Data items:
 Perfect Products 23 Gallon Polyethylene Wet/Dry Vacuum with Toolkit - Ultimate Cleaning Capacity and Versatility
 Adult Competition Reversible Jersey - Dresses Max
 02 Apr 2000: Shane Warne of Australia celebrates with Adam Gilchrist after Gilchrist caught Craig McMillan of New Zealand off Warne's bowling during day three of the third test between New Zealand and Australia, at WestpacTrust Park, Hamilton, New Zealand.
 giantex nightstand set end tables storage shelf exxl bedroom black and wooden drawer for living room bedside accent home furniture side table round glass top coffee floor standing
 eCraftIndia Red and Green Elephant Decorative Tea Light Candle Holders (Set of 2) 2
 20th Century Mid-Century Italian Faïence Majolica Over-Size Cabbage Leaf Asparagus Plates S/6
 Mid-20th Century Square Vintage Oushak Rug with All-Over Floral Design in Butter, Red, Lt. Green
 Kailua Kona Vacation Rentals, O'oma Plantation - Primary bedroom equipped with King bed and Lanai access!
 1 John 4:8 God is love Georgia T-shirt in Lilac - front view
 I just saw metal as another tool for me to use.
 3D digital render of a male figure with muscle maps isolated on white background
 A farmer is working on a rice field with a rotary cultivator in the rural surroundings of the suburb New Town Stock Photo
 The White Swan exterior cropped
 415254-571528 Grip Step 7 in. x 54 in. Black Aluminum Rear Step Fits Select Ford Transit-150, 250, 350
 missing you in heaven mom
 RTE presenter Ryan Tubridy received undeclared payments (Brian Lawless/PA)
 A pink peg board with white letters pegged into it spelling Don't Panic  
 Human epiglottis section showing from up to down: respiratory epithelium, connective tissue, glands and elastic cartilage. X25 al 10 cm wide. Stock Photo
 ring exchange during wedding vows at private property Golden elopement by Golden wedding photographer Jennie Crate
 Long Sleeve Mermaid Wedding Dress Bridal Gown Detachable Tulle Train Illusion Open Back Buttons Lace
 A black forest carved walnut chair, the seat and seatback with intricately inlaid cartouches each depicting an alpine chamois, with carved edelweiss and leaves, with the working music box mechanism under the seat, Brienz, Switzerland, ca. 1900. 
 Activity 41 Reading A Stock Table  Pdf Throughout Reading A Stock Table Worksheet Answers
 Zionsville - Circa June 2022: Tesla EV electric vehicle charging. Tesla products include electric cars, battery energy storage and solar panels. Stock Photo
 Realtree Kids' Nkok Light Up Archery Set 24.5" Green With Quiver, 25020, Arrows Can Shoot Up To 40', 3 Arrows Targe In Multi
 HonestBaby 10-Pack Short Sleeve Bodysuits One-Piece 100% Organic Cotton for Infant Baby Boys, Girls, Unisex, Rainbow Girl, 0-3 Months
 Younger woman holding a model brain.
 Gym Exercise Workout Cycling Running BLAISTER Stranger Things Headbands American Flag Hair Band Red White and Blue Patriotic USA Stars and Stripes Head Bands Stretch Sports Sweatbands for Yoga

### What the task requires
All that belongs in your answer is the stretch of entries above from the line with "415254-571528 Grip Step" through the line with "ring exchange during", printed exactly.

### Solution to this exercise
 415254-571528 Grip Step 7 in. x 54 in. Black Aluminum Rear Step Fits Select Ford Transit-150, 250, 350
 missing you in heaven mom
 RTE presenter Ryan Tubridy received undeclared payments (Brian Lawless/PA)
 A pink peg board with white letters pegged into it spelling Don't Panic  
 Human epiglottis section showing from up to down: respiratory epithelium, connective tissue, glands and elastic cartilage. X25 al 10 cm wide. Stock Photo
 ring exchange during wedding vows at private property Golden elopement by Golden wedding photographer Jennie Crate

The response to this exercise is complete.